David Markham Interviewed by Alan Clarke (19:23)
This is an audio interview by Clarke during the making of the film. Whether this was audio with picture missing or if this was meant to be an audio-only interview for reference or voice over use is not certain. The audio track was taken from Middleton’s archives. Some of the dialogue is hard to hear and unfortunately there are no subtitles to caption the audio.
in 1080i 50hz AVC MPEG-4, in English LPCM 2.0 with no subtitles

“Alan Clarke’s Letters to the Markhams” featurette (6:29)
Two letters from Clarke to the Markham family are read out loud by Jehane Markham while the letters are shown on the screen. They are both handwritten by Clarke, with the first letter addressed to David about piecing “Bukovsky” together and the second is his experience and disillusionment of being in Los Angeles in 1979.
in 1080i 50hz AVC MPEG-4, in English LPCM 2.0 with no subtitles

“Alan Clarke: Out of His Own Light” documentary (Part 7) (18:12)
The newly created 270-minute documentary on Alan Clarke has been divided into 12 parts with each part covering the productions reflected on the first 12 discs of the “Dissent and Disruption” boxset. Part 7 covers the two productions on DISC SEVEN. Personal stories of Clarke and his legendary drunken behavior is talked about, the illegal drugs involved, as well as Jehane Markham talking about their short relationship and eventual breakup, and in addition to the two films and the production. The entire 270 minute documentary is comprised of interviews with 50 people who worked with Clarke, knew Clarke, and looked up to Clarke. The interviews come from wildly differing sources. Some are slighty old 1.33:1 standard def video, some are hi-def 1.78:1 video. Some are lit too brightly, some are a bit dark. Some have clear dialogue, some sound echoey. It’s very inconsistent in how it looks and sounds edited together, but presentation wise, it is top notch.
in 1080i 50hz AVC MPEG-4, in 1.78:1, in English LPCM 2.0 with no subtitles


The ”Dissent and Disruption” 13 disc set includes a 200 page booklet with essays, photos, credits, and film information. “Bukovsky” has an essay by head of BFI Video Publishing and audio commentary moderator Sam Dunn and “Nina” has an essay by BFI curator Lisa Kerrigan. Also listed are full film credits, extras credits, and restoration information.

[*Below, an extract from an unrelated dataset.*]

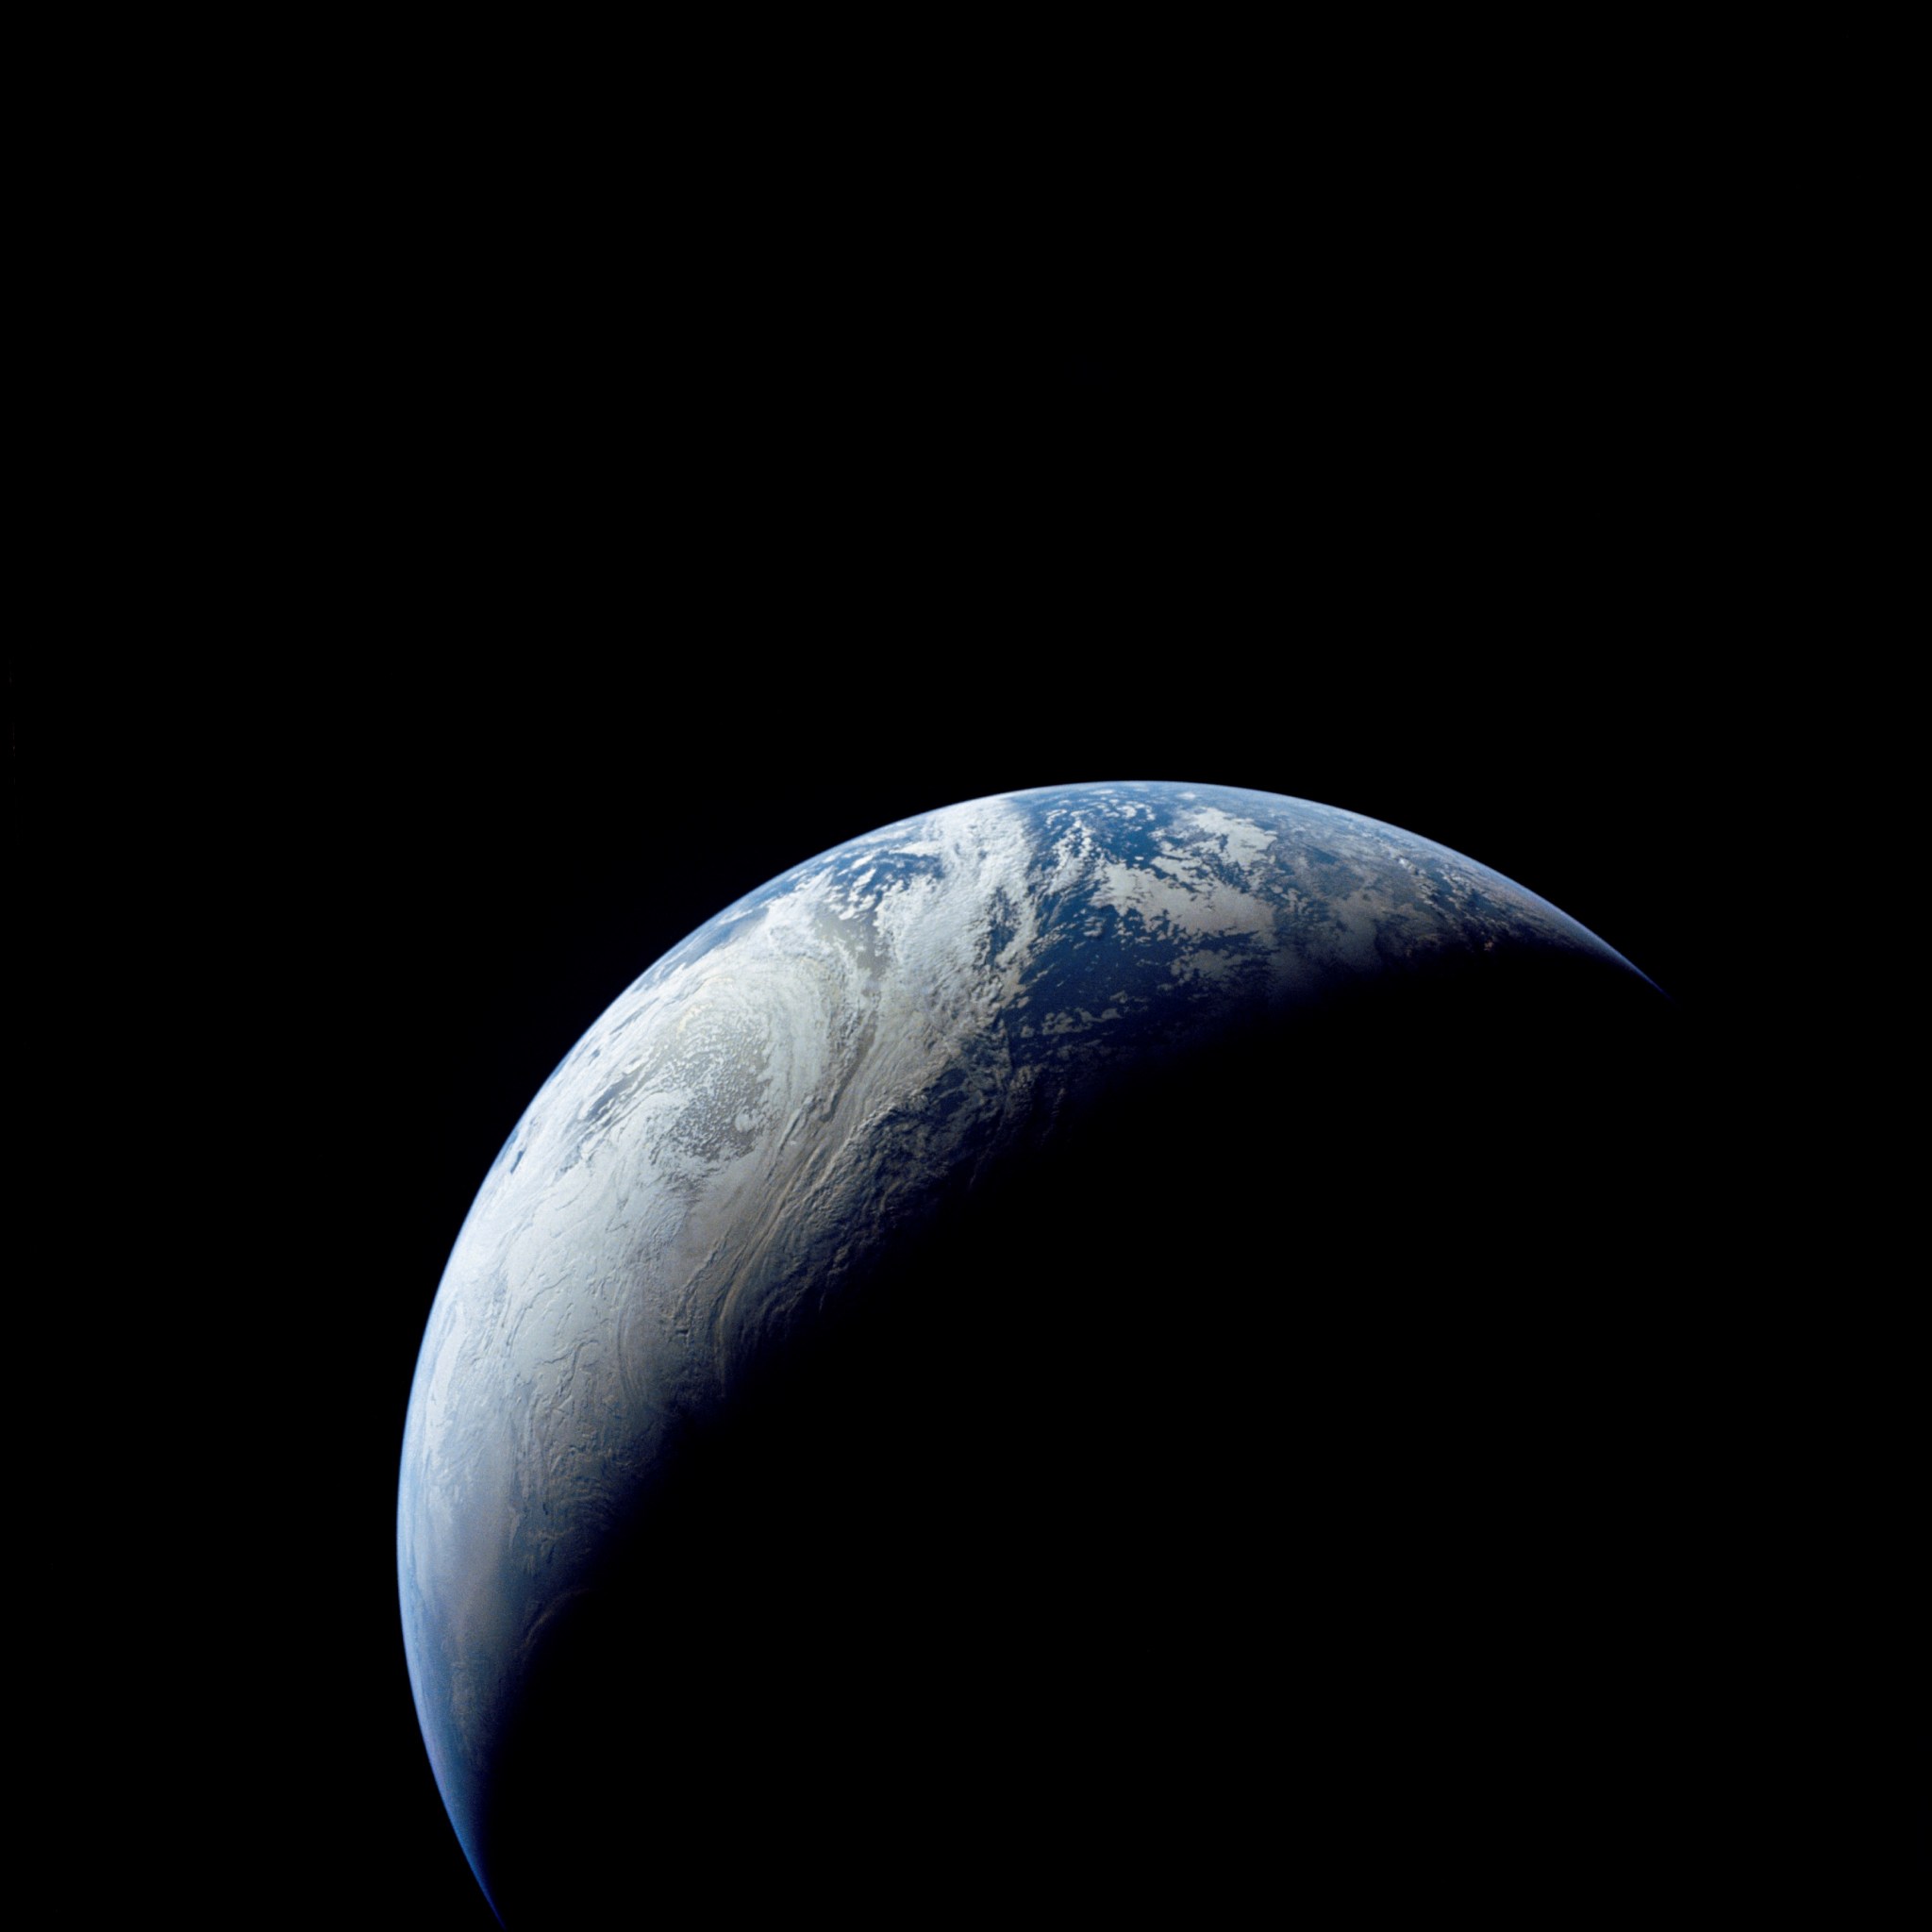 The Earth photographed by Apollo 4 from a distance of 11,214 miles.

Note the extras score of A represents this disc only and not for the entire set and the overall score of A+ is for the entire set.


BFI’s work on the thirteen disc “Dissent and Disruption” (1969-1989) set is nothing less than an amazing collection of works by one of the most controversial and influential directors who pushed the boundaries of broadcast television. Absolutely recommended.